The core writing assignments should build from worlds familiar to students and gradually introduce them to the discourse of the academy. Pedagogy should also focus on students’ identities as writers and helping them to grow in confidence as student writers. This should be done through a combination of pedagogies: situated practice, overt instruction, critical framing, transformed practice (New London Group 88). In particular, students in BW benefit from the metacognitive work of transformed practice.

Shannon Carter discusses a way in which to show students where they are and where they could be through her pedagogy of rhetorical dexterity: “Rhetorical dexterity treats learning new literacies as a situated activity” (162). Students examine the literacies around them in an effort to become more aware of their multiliteracies and their relationship to them. Students who were previously agitated at the ways in which the rules seemed to change from one course to another could now see the system that creates the different rules and be able to adapt to the change without as much frustration. In a pedagogy like this, students are transformed not only as writers but as students.

A similar conversion occurred when Klages and Clark used ePortfolios with BW students; the students “began to transform their relationship to writing, emerging as confident writers with a new sense of how they can translate their authority onto the page” (47). Klages and Clark’s emphasis on reflective practice, at both the individual level and by commenting on the work created by their peers, enabled students to grow as both readers and writers.

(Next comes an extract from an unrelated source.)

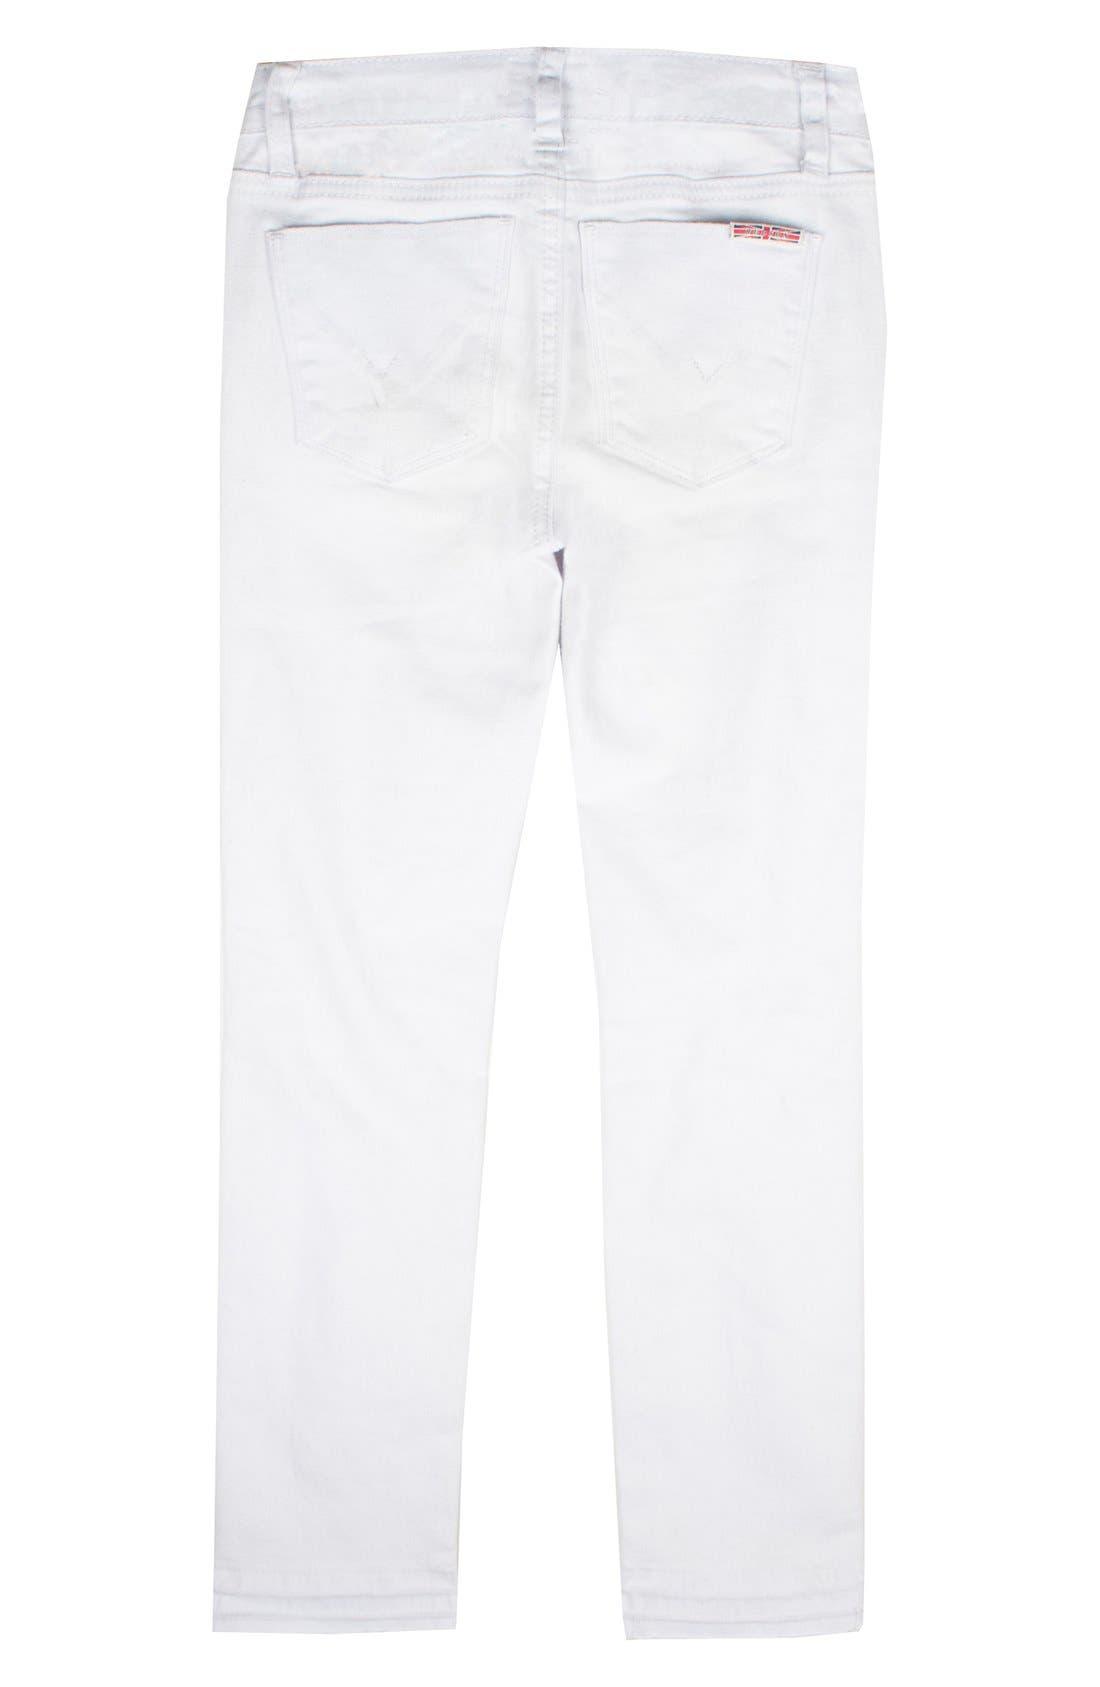 Seaside Crop Skinny Jeans,                             Alternate thumbnail 4, color,                             100
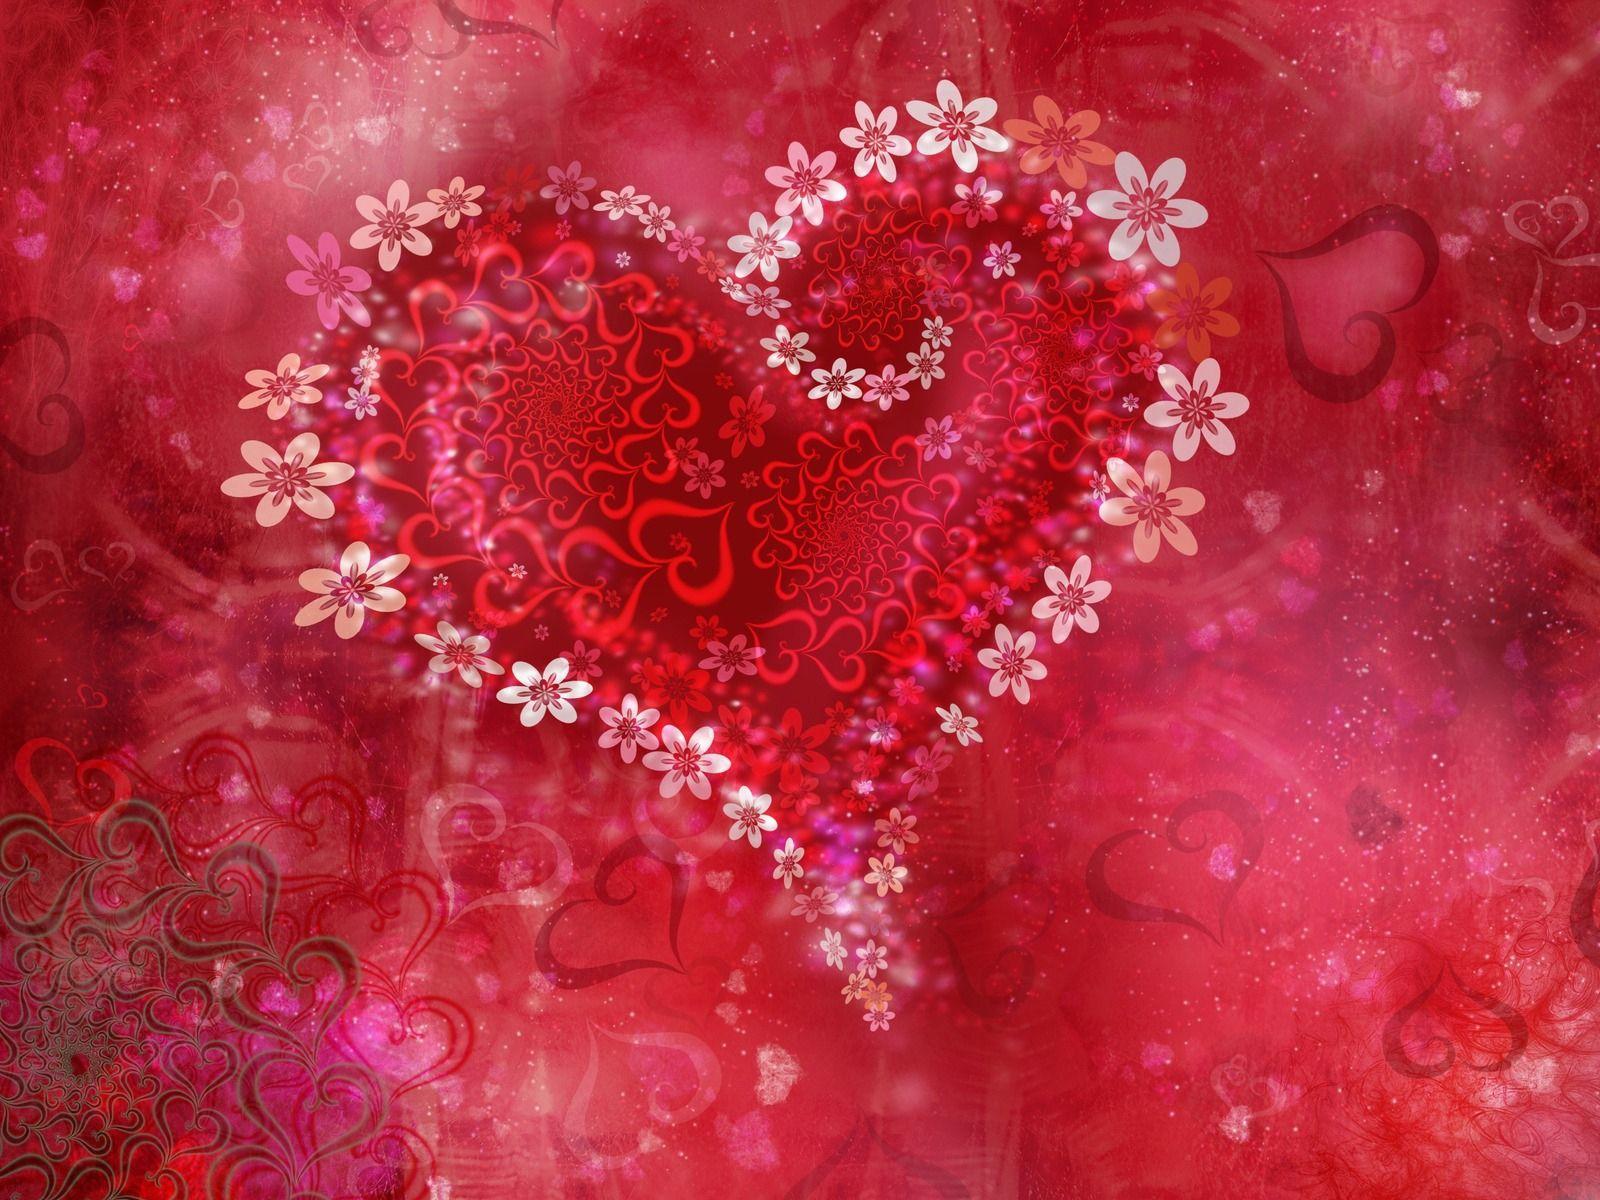 Heart Wallpaper Free Download Hearts Pinterest Wallpaper Free

At the heart of this type of pedagogy is concern about social inequality. Students in BW often feel as though others have been given a rule book while they are navigating the world without one of their own or that the rules were created intentionally to benefit a group of people other than them. Through pedagogy, Basic Writing instructors seek to level the playing field and reveal not only the rules but the systems that have created the rules.

Works Cited

Bernstein, Susan Naomi. “Basic Writing: In Search of a New Map.” Modern Language Studies 40.2 (2011): 60-75. JSTOR 24 Sept. 2015. Web.

Carter, Shannon. “The Way Literacy Lives.” Teaching Developmental Writing: Background Readings. Ed. Susan Naomi Bernstein. 4th ed. Bedford: Boston, 2013. 161-183. Print.

Klages, Marisa A. and J. Elizabeth Clark. “New Worlds of Errors and Expectations: Basic Writers and Digital Assumptions.” Journal of Basic Writing 28.1 (2009): 32-49. ERIC Web. 21 Sept. 2016.

Lauer, Janice M. “Rhetoric and Composition.” English Studies: An Introduction to the Discipline. Ed. Bruce McComiskey. NCTE: Urbana, IL, 2006. 106-152. Print.

New London Group. “A Pedagogy of Multiliteracies: Designing Social Futures.” Harvard Educational Review. 66.1 (1996): 60-92. Print.

Yagelski, Robert P. “English Education.” English Studies: An Introduction to the Discipline. Ed. Bruce McComiskey.NCTE: Urbana, IL, 2006. 275-319. Print.